Papermaking

(Excerpts from ART HARDWARE: The Definitive Guide to Artists’ Materials, by Steven Saitzyk © 1987)

PAPERMAKING begins with the process of breaking down plant materials until individual cellulose fibers are obtained and are then suspended in water. A sheet of paper is formed by passing a screen through the suspension so that the individual fibers collect on the screen. The sheet of paper is then transferred to a mat where it is allowed to drain and dry. Pressure is often used to speed the process or to impart a particular finish.

The type of paper obtained can be influenced dramatically by such factors as the variety of plant material used, how the plant materials are broken down into fibers, how small the cellulose fibers are, the kind of screen used, how the screen is passed through the suspension, the kind of mat on which the sheet is placed, and whether the sheet is pressed. Other factors that influence paper variety are the use of chemicals, the addition of fillers or brighteners, the way in which the sheet is dried, and the polishing of the sheet’s surface. All these variables make it possible to produce almost unlimited styles of paper. In the Orient, one can find more than a hundred varieties of paper made with the same plant material where the only differences in its manufacture are the way the screen is passed through the suspension and the average length of the fibers.

Handmade paper is often the least complicated method of papermaking. This method is so labor-intensive, however, that the cost of using the best plant sources often pales by comparison. Therefore cotton and rag fibers, which require little or no special treatment-chemical or mechanical-to reduce them to workable fibers, are commonly used. Today, sheets of cotton linters, made from the leftover short fibers collected from the cotton gin, are added to water and beaten in a machine similar to a blender. The level of concentration of fibers helps to determine the thickness of the paper. The suspension is transferred to a vat through which a flat, rectangular wire or bamboo screen can be passed to form the sheet. The fiber-laden screen is drained and the wet paper is often pressed before it is allowed to dry.

In mouldmade paper, the person holding the screen is replaced by a rotating screen cylinder, which forms a continuous sheet of paper. The individual sheets are produced by passing a stream of air or water through the wet sheet. Mouldmade paper is considered half handmade and half machine-made because people are still used to create the suspension of fibers as well as in the pressing and drying of the individual sheets. The cost of materials becomes more significant and occasionally results in the use of cheaper raw materials. Such materials require refining before use, as well as chemical additives to improve their appearance, all of which complicates the papermaking process.
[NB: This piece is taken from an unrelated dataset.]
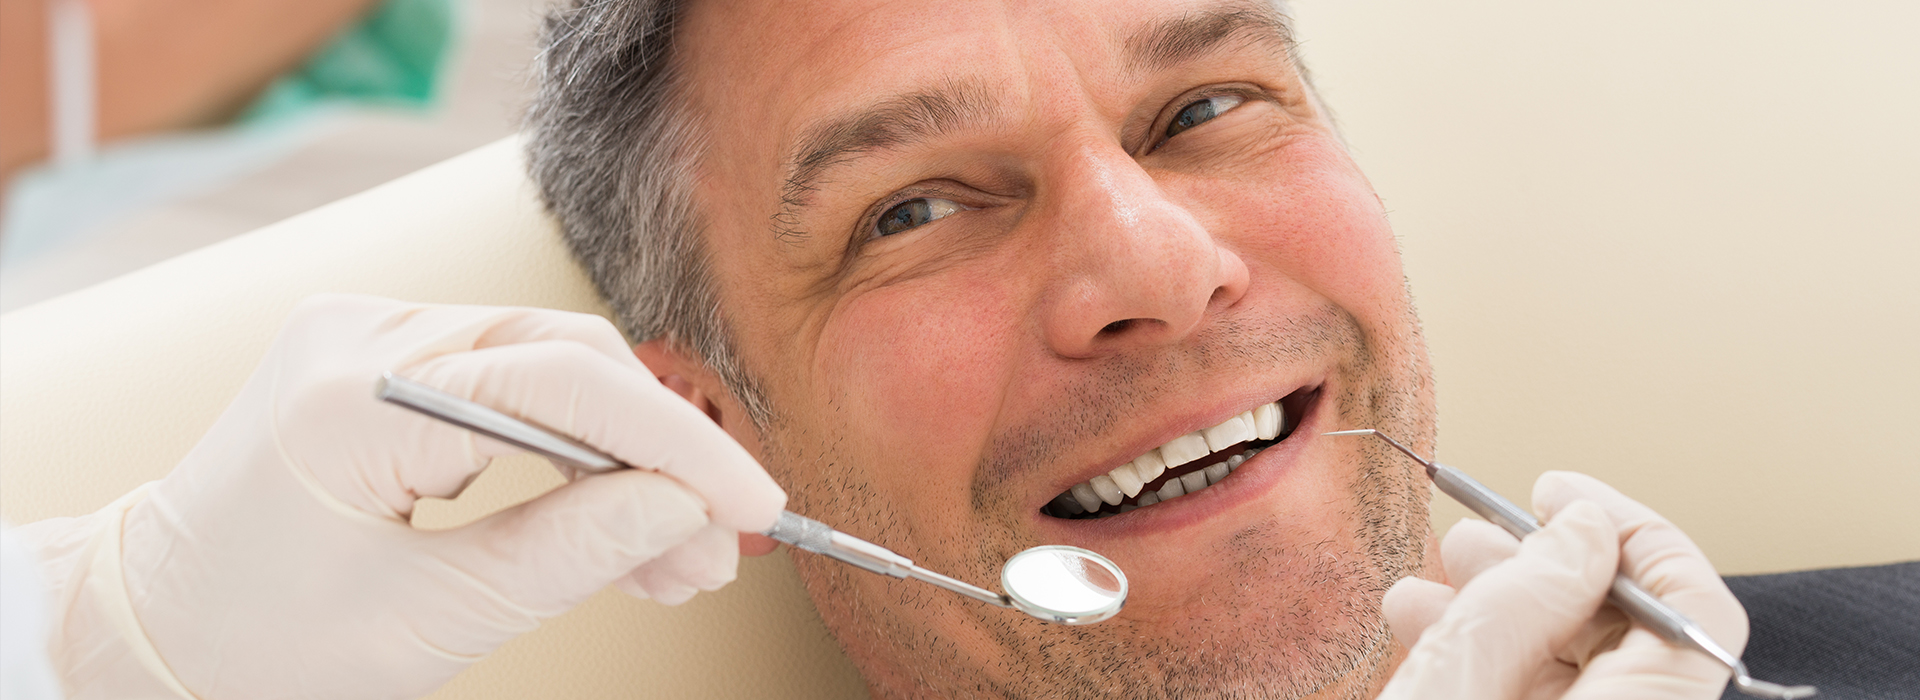 Kohn   Kollander Dental PLLC | Invisalign reg , Implant Dentistry and Sedation Dentistry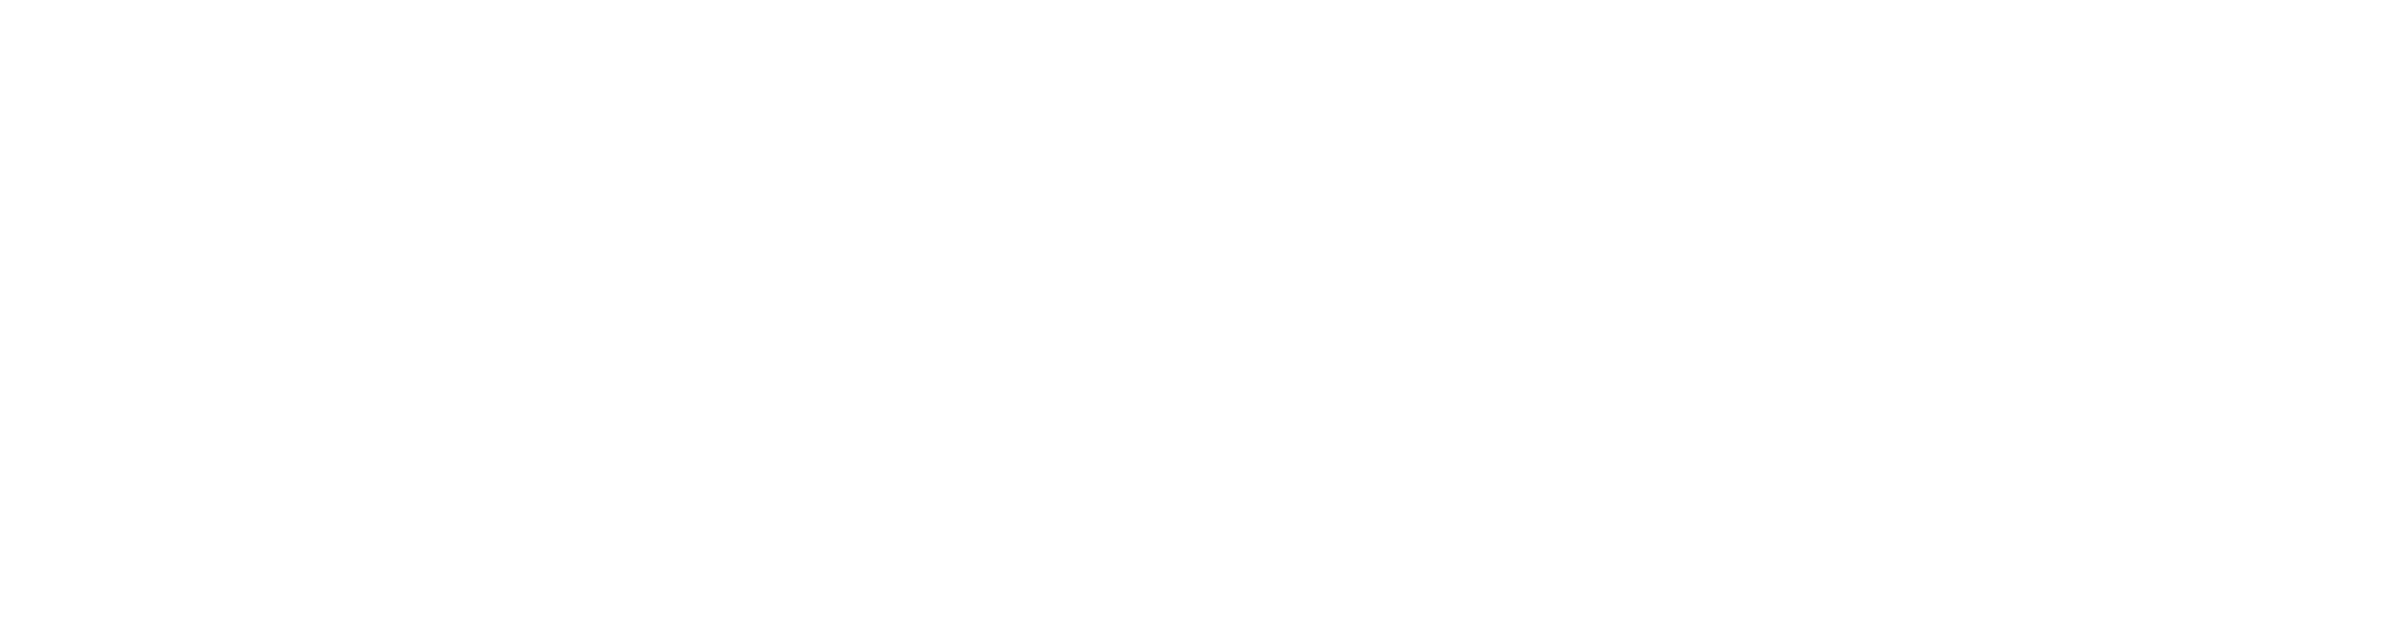 Warmbo LLC

The production of machine-made paper involves little human contact until the paper is purchased. The materials are the most significant cost factor in this type of paper production. Elaborate chemical and mechanical processes are often used to change poor-quality raw materials into a useful piece of paper. First, impurities are removed; then the chemicals used to purify the raw materials must be removed or neutralized. Often such additives as sizing and optical brighteners are required. Then a rotating cylindrical screen pulls the fibers from the suspension to form a continuous sheet of paper. Finally, this sheet is pressed and dried by other steel rollers. For some types of paper like bristol, additional sizing is added before drying and the surface of the paper is polished after drying. The primary disadvantage of machine-made paper is that most varieties are of low quality. The advantages of machine-made paper include price, the availability of some varieties, such as hard-surfaced bristol and paper boards, which could not possibly be made by hand, as well as the ability to produce large quantities.